With Member States of the World Health Organization (WHO) negotiating new agreements to centralize management of pandemics with an annual budget of over $31.5 billion, it would be reasonable to assume that everyone was clear on what a pandemic actually is. Surprisingly, this is not the case. Although countries will be voting in two months on a new Pandemic Agreement and amendments to the International Health Regulations (IHR) to grant the WHO wide authority over pandemic management, there is no universally-agreed definition of “pandemic.” What degree of severity is required? How widespread must it be? What proportion of the population must be at risk? 

An outbreak of common cold crossing borders fits many pandemic definitions, as does a repeat of the medieval Black Death. International agreements are normally formed around a definable problem, but the world is about to invest tens of billions without a solid basis to predict costs and benefits. In other words, there is no clear agreement on what the World Health Assembly is actually agreeing to.

A History of Pandemics

When we now speak of a pandemic, we usually mean the global spread of SARS-CoV-2 that began in 2019. The word evokes images of empty streets and closed markets, of masked faces and silent people standing 6 feet apart. This drives the sense of urgency that policy makers are currently responding to through the design of new pandemic documents. Many pandemic prevention, preparedness and response (PPPR) documents suggest that these policies are an essential response by claiming a 50% chance of a Covid-19-like pandemic in the next 25 years or referring to the economic costs of Covid-19 to support claims of return on investment. This approach is problematic as it fails to distinguish between the direct costs of the disease and the effects of the very unusual response. 

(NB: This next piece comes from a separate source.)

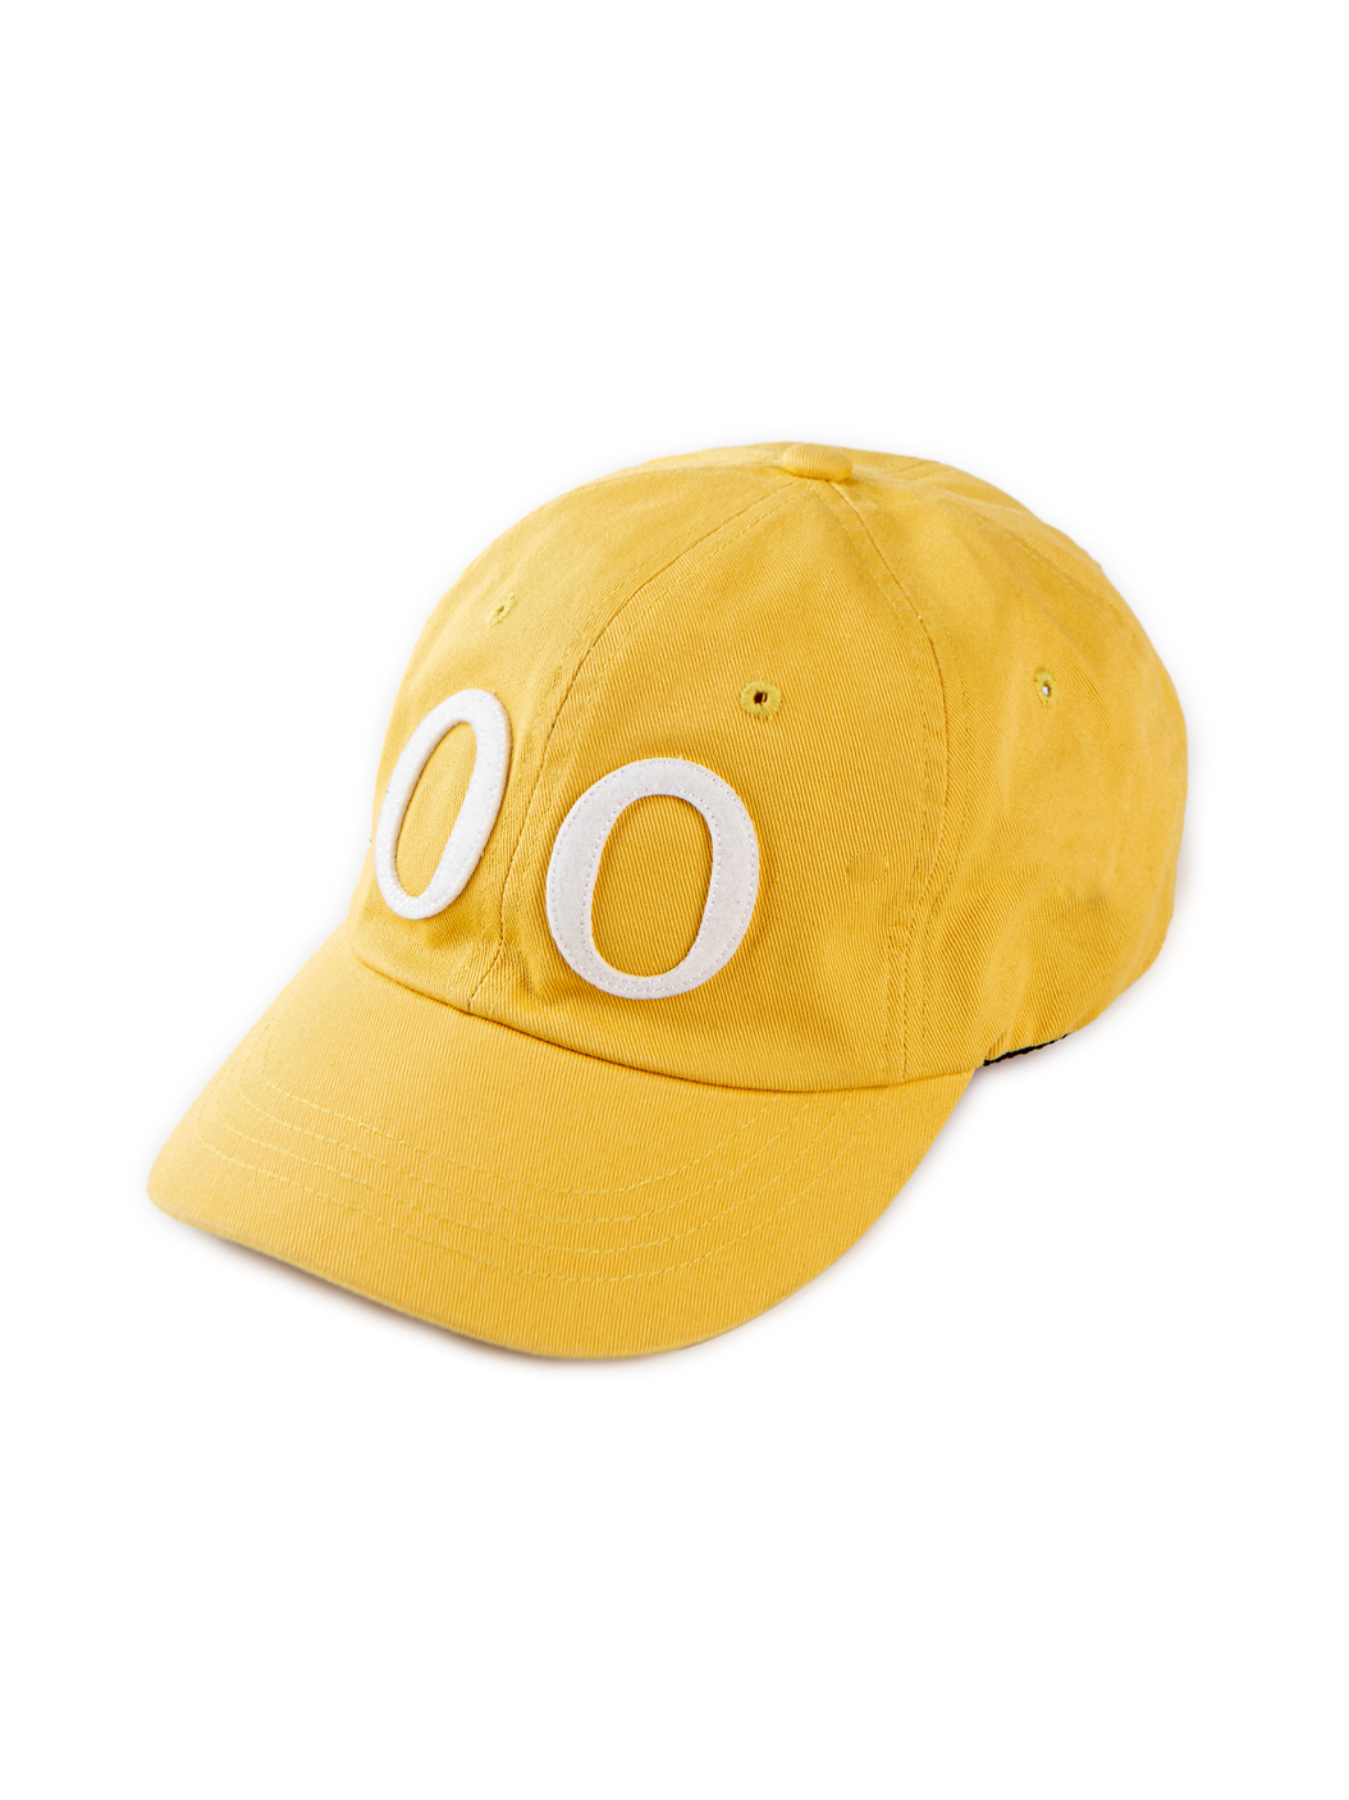 Symmetric O-logo cap #16 [yellow]

The etymology of the word “pandemic” comes from the ancient Greek root dêmos (δῆμος, people, populace) with the related “epidemic” and “pandemic.” The prefix pan- (ancient Greek πάν) generally means all or every; thus, pandemic is derived from the ancient Greek concept πάνδημος (of or belonging to the whole people, public). The term usually refers to infectious diseases, although some use of pandemic can be more broadly colloquial, for example speaking of a “pandemic of obesity.” What distinguishes pandemics (and epidemics) from endemic diseases is that they affect a large number of people in a relatively short time span and in excess of normal expectancy. What sets pandemics apart from epidemics in people’s minds is a wider geographic spread across national borders.

Some of the worst pandemics recorded in history followed the European conquest of the Americas, bringing new pathogens to an immunologically naïve population. Such conditions do not exist in today’s globalized world. Other devastating pandemics were caused by bacteria like cholera or the plague, the latter being responsible for the Black Death in the 14th century that wiped out perhaps a third of the European population. Improved sanitation and the discovery of antibiotics has since fundamentally reduced the threat of bacterial infections, once the main driver of pandemics.

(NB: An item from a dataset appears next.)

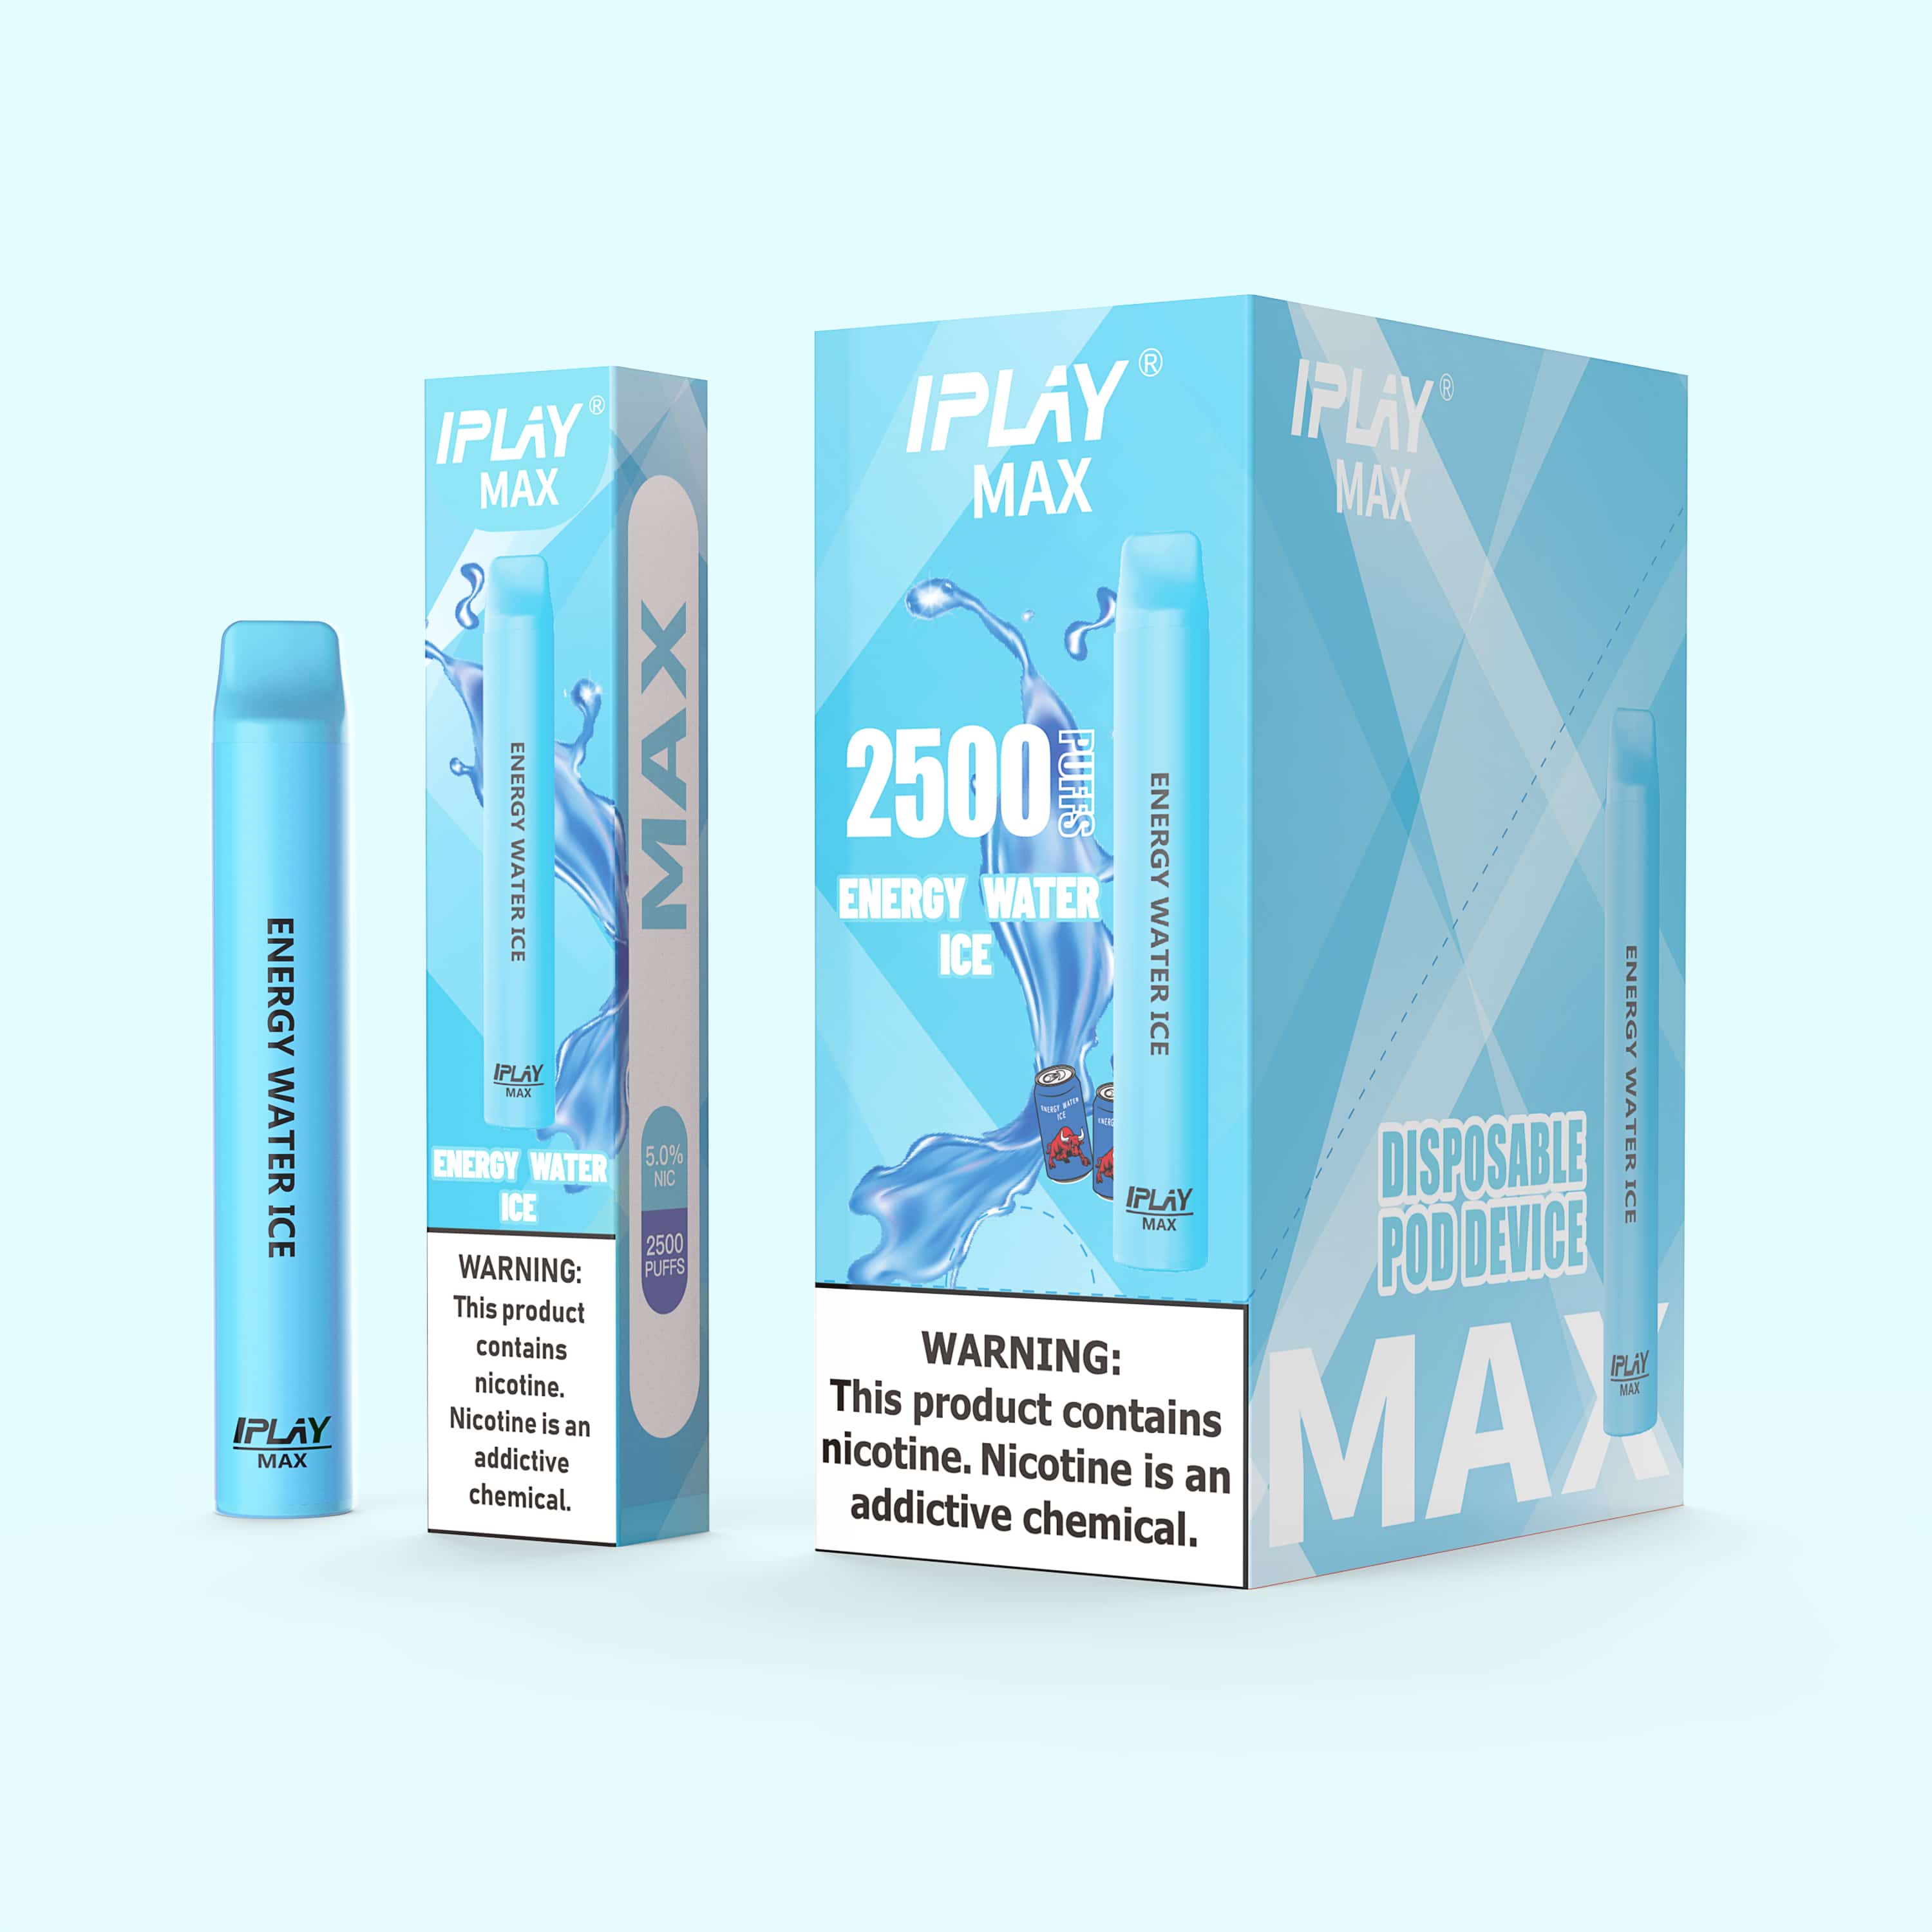 Vape iPlay Max Energy Water Ice

The last major pandemic the world faced prior to Covid-19 was the Spanish flu of 1918. Accordingly, up until the Covid-19 pandemic, “pandemic preparedness” almost universally referred to influenza pandemics. The WHO published their first influenza pandemic plan in 1999, motivated by the first recorded human infections with avian flu H5N1. The plan was updated several times, the last time in 2009 and defines several “pandemic phases.” These constitute the only pandemic definitions the WHO has published in official guidance and remain specific to influenza.

The Swine Flu Controversy

When the WHO declared the H1N1 Swine flu a pandemic in 2009, despite it being no more severe than normal seasonal influenza, a controversy erupted over what defines a “pandemic.” While the WHO’s pandemic plan had always focused on the spread of a novel subtype of influenza without requiring it to be extraordinarily severe, a definition on the WHO’s website read for six years: “An influenza pandemic occurs when a new influenza virus appears against which the human population has no immunity, resulting in several simultaneous epidemics worldwide with enormous numbers of deaths and illness.”

In response to a query by a CNN journalist questioning the need for a condition of “enormous” severity, the definition of pandemic influenza on the WHO homepage was changed in May 2009, removing the phrase “with enormous numbers of deaths and illness.” Instead, the new definition clarified that “pandemics can be either mild or severe in the illness and death they cause, and the severity of a pandemic can change over the course of that pandemic.” 

Although the definition on the website had no practical effects, the fact that the change happened shortly before declaring Swine flu a pandemic raised suspicion. In March 2011, the European Parliament adopted a resolution on the evaluation of the management of H1N1 influenza in 2009-2010 in the European Union. The resolution “urges the WHO to revise the definition of a pandemic, taking into consideration not only its geographical spread but also its severity.”

Peter Doshi pointed out in a 2009 article “the elusive definition of pandemic influenza” that the earlier definition on the WHO website is illustrative of a wider perception of pandemics as catastrophic in nature. He points to another text on the WHO website, where it was stated that even in a best-case scenario of an influenza pandemic, it would lead to 4 to 30 times more deaths than seasonal influenza.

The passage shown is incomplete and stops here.